Iran's enrichment program, using centrifuges that can produce uranium fuel for either nuclear power plants or nuclear bombs, is a major issue at the treaty review. Tehran says the program is meant only for peaceful purposes of civilian energy; Washington contends it is a cover for eventual bomb-building.

Under the 1970 nonproliferation treaty, states like Iran without nuclear weapons renounce them forever in exchange for a commitment by nuclear-weapons states to move toward disarmament. Access to peaceful technology is guaranteed under the treaty, but ElBaradei said the spread of such capabilities has become a "serious problem."

Possible Approaches

The tighter controls he envisions "would be a real sea change in the way we have been managing nuclear energy," the IAEA chief said.

He has asked the current treaty conference to consider several possible approaches suggested by an IAEA expert group in February. They range from simply tightening controls on current commercial sales of dual-use equipment, to turning all enrichment and plutonium reprocessing operations - another potential bomb-making system - over to multilateral control, by region or continent.

ElBaradei himself has proposed a five-year moratorium on new nuclear fuel facilities anywhere while the world's nations negotiate over new controls. Addressing the U.N. conference Monday, he offered to investigate ways to guarantee international supplies of fuel for those who need them.

In consultations since then with treaty nations, he has found a "mixed reaction" to the moratorium idea, ElBaradei said, since Iran is not the only country with plans for new uranium-enrichment or plutonium-reprocessing facilities.

But he said he hopes the IAEA will get formal approval from the treaty conference or his agency's member nations to explore legal, institutional, financial and other aspects of possible new controls.

"I'm pretty confident that I will be asked by either the nonproliferation treaty parties or our IAEA member states to continue that work," he said.
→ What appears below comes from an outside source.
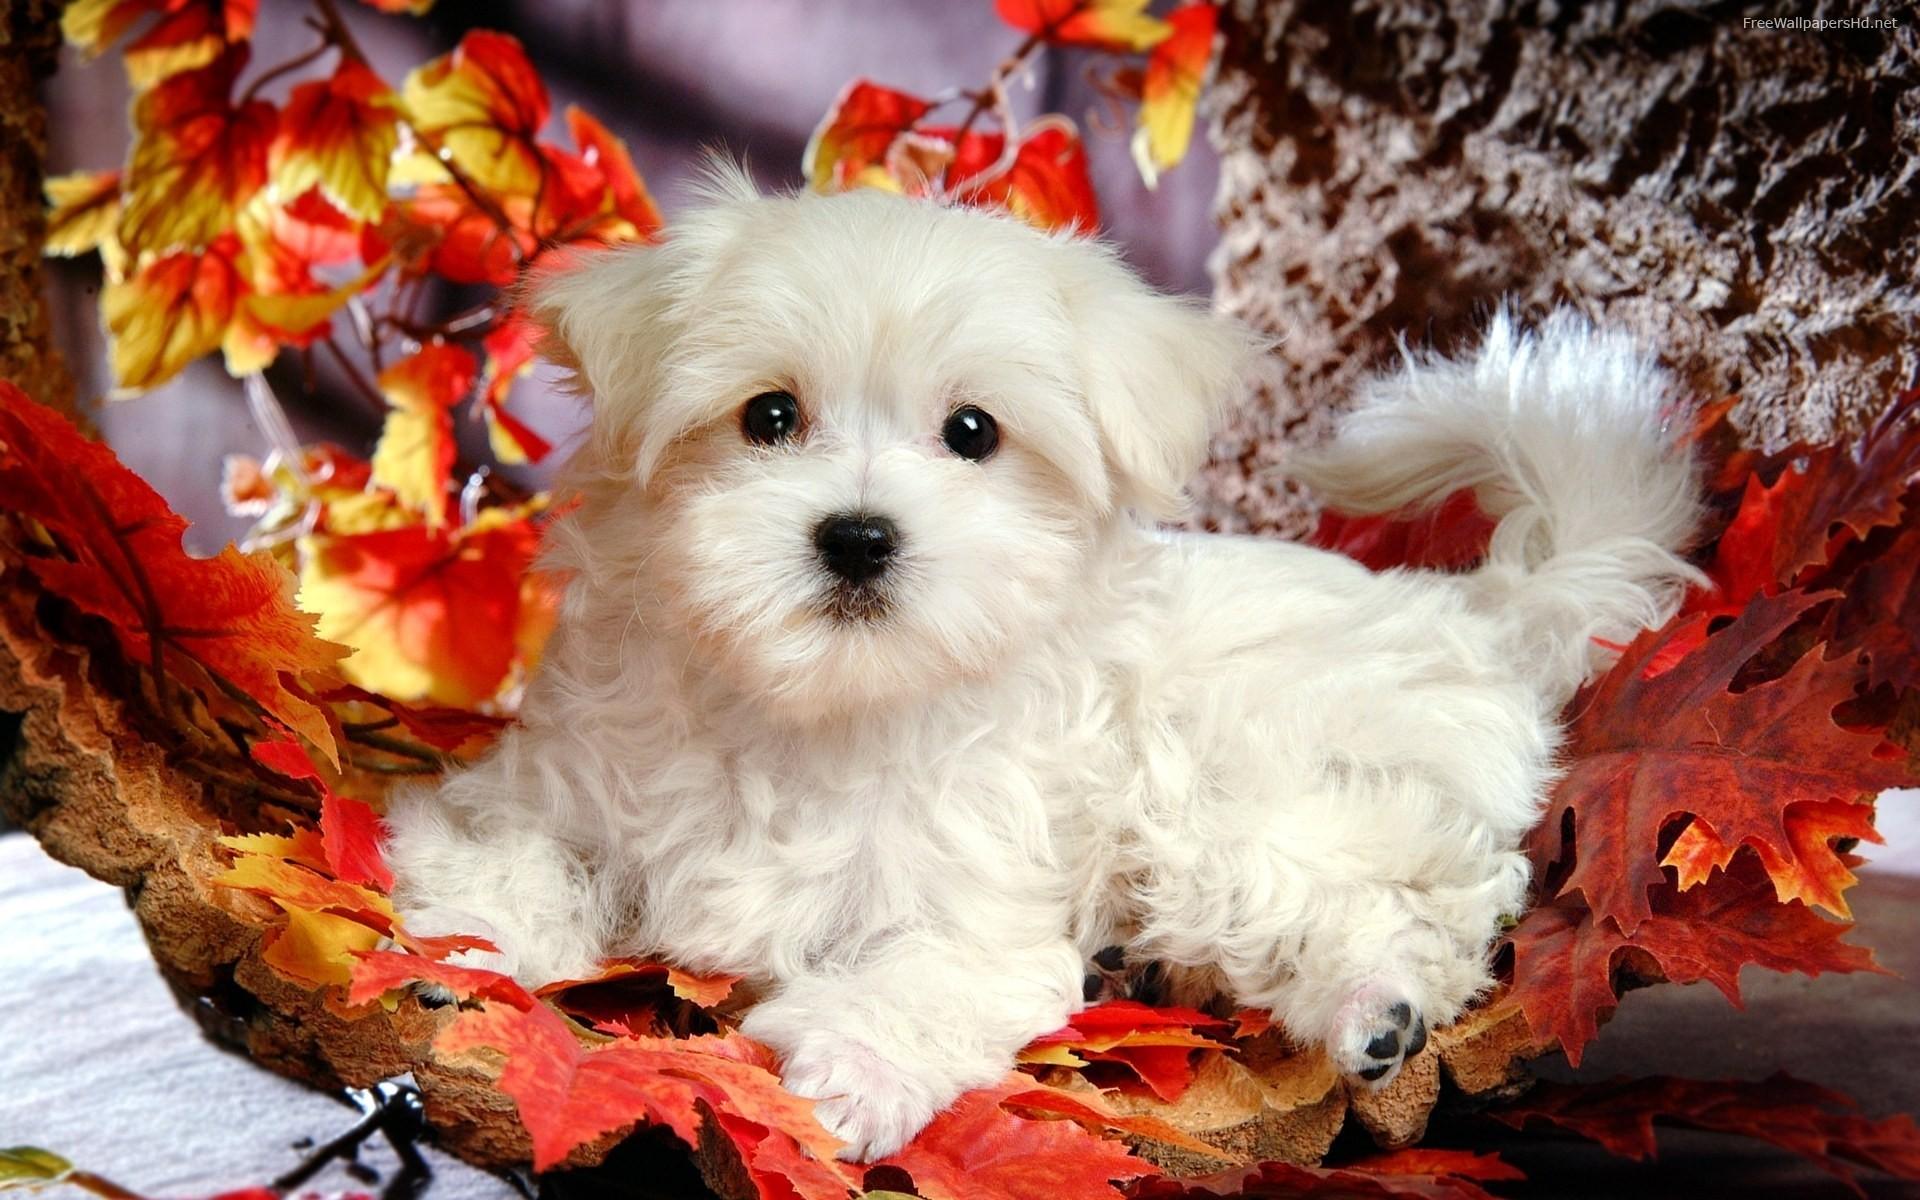 Cute Puppy Wallpaper: Cute White Puppy Hd Wallpaper 1920x1200px

The Americans demand that Iran dismantle its enrichment equipment. President Bush has proposed simply banning sales of enrichment and reprocessing technology to nations other than the dozen or so who already have it, and ensuring that any who want fuel can buy it "at reasonable cost."

ElBaradei said that idea "has merit" but also has two problems.

He said one is that many countries already can develop the sensitive technology on their own, and the other is that it raises questions of "different standards" - that is, double standards for those allowed to have fuel technology and those denied it.